In his commentary, Fr. Sydor explained why he supports the PSPU, with its leader Natalia Vitrenko: “I never belonged to any party and never intended ever to join one. I supported the PSPU simply because no other party supported the Rusyns. Thus, who should we Rusyns support? Yulia Tymoshenko, who opposes Rusyns and Transcarpathia, or Vitrenko, who said she supports us?! In my opinion, Vitrenko can take the place of four Yulias. However, for the time being, we are even more prone to cooperate with the Transcarpathia Regional Council (TRC), since it gave us recognition.” Fr. Sydor, a former candidate to Ukraine’s Parliament from the Natalia Vitrenko Bloc, commented on declarations included in the pre-election program of the PSPU regarding the autonomy of western Ukraine’s Halychyna regions and Transcarpathia.
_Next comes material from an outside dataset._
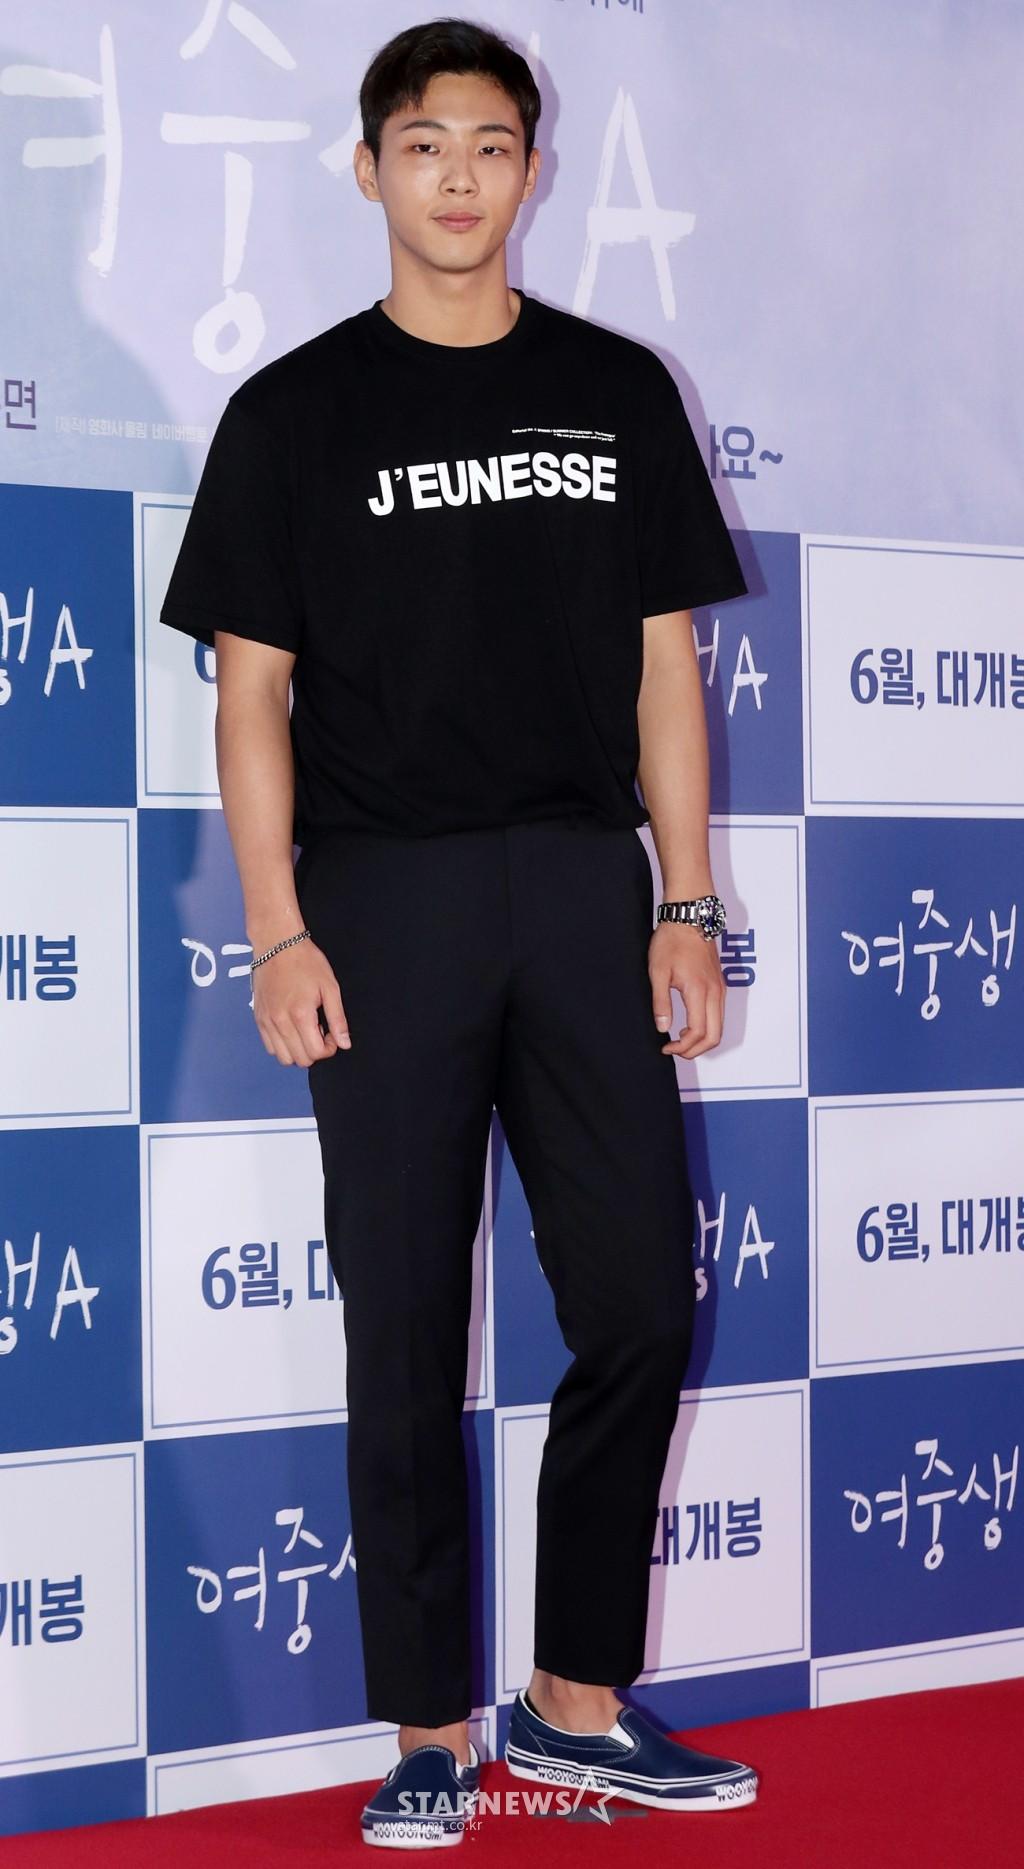 """Sự kiện gây sốt nhờ dàn sao nhí """"lột xác"""": Mỹ nam Vườn sao băng đọ với EXO, spotlight lại thuộc về mỹ nhân nóng bỏng - Ảnh 18."""

Also, he noted that when Yulia Tymoshyko supports the Rusyns, a part of Rusyns will follow her. However, she has not done anything yet for them to support her.
Fr. Sydor mentioned his previous political experience: “Once I said that Ukraine will have less problems with [current Prime Minister Viktor] Yanukovych than with [current President Viktor] Yushchenko. Back then, I was called a representative of the Party of Regions, headed by Premier Yanukovych, which I never was. The Socialist faction was being formed in the TRC and they lacked one person and I was invited to join it. I agreed. And journalists immediately spread the rumor that I betrayed the Party of Regions for the Socialists, when the truth is I had no relation to any of them. Instead, I belonged to Ivan Symonenko’s party Rus. I joined Symonenko’s party, but before the elections he united with Natalia Vitrenko. This is how I appeared in the bloc with Natalia Vitrenko.”
RISU note: The Ruthenian language, also called Rusyn or Carpatho-Rusyn, is a microlanguage used in parts of Serbia, Croatia and Ukrainian Transcarpathia. In Ukraine this language is also called the language of the Carpathian Ukrainians.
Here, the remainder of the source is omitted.